View larger version (40K): [in this window] [in a new window]   FIG. 3. Lack of assembly of IN on att blunt-end DNA in a stable configuration at 14 °C. A, AMV IN was assembled on the 3.6-kbp donor (8 ng) with a single blunt-ended U5 end containing G sequences. Normal assembly conditions were performed at 14 °C for 45 min with blunt-ended DNA at several IN concentrations (0, 1.5, 3, 6, 14, and 21 nM) (bottom). In a simultaneous fashion, the assembled mixtures were assayed independently for 3'-OH processing activity for an additional 5 min at 14 and 37 °C. The % dinucleotides released by IN are indicated on the left. B, strand transfer activity (5 min at 37 °C) using the same blunt-ended substrate was measured (marked blunt-ended at top, lanes 6–10, respectively). There was no input DNA without IN on this gel. The integration products are identified on the left. For comparison to normal strand transfer activity, 3.6-kbp DNA (8 ng) containing 3'-OH-recessed termini was assembled under the same conditions and protein concentrations and assayed at 37 °C for 5 min (marked 3' OH recessed at top, lanes 1–5). C, the same assembled IN-blunt-ended DNA complexes described in Fig. 4A were subjected to DNase I footprinting at 14 °C. From left to right, the lanes are Neg., untreated DNA; and G/A, and C/T chemical markers. Lanes 1–6 contain 0, 1.5, 3, 6, 14, and 21 nM IN, respectively, treated with DNase I. The nucleotide positions from the end are marked on the left.

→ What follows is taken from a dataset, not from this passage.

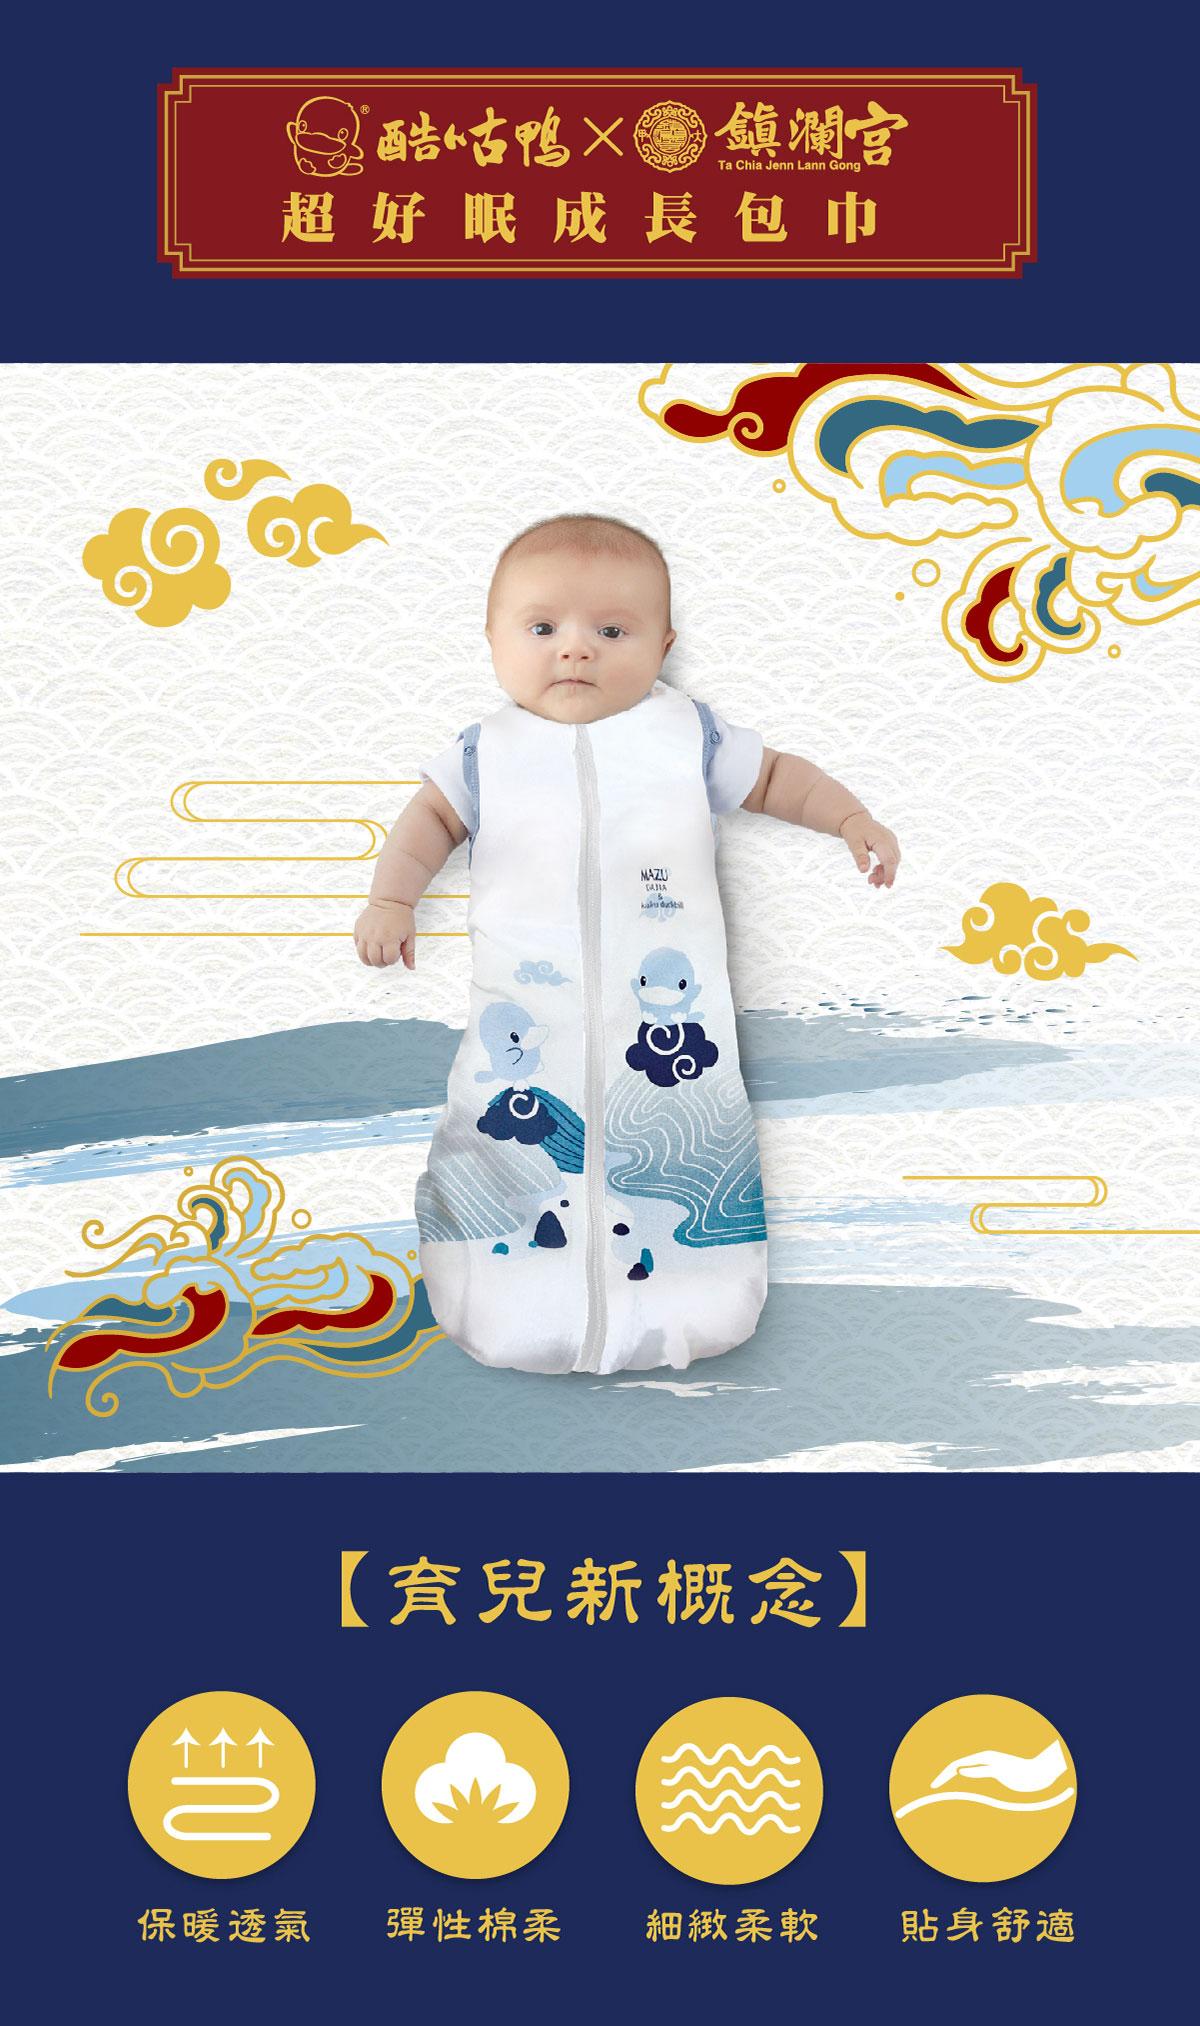 proimages/BeddingSeries/Blankets-Comforter/2542/大甲媽成長包巾-EDM-04.jpg

In contrast, we were able to demonstrate that IN at low concentrations produced the normally observed 20-bp DNase I footprint using G U3 att DNA containing 3'-OH-recessed ends at 50 and 100 mM NaCl (Fig. 4A). When IN was increased to 30 nM under these low salt conditions, the entire length of the DNA was essentially protected from DNase I digestion suggesting nonspecific multimerization of IN subunits on the DNA (data not shown). Aliquots of the same above samples (Fig. 4A) were analyzed for strand transfer activities at 37 °C for 5 min (Fig. 4B). Relatively higher quantities of all half-site products at 50 mM (Fig. 4B, lanes 2–4) or 100 mM NaCl (Fig. 4B, lanes 5–7) were observed than with IN at 0.32 M NaCl (Fig. 4B, lanes 8–10). The quantities of full-site products produced with 4 nM IN at 50, 100, and 320 mM NaCl were 22, 32, and 15% of the total donor incorporated (Fig. 4B, lanes 2, 5, and 8, respectively). The ratio of full-site to half-site integration products produced with the U3 att donor were effected by both IN and NaCl concentrations. In summary, the lack of the 20-bp footprint on the U5 att donor by IN was not apparently because of higher salt concentrations.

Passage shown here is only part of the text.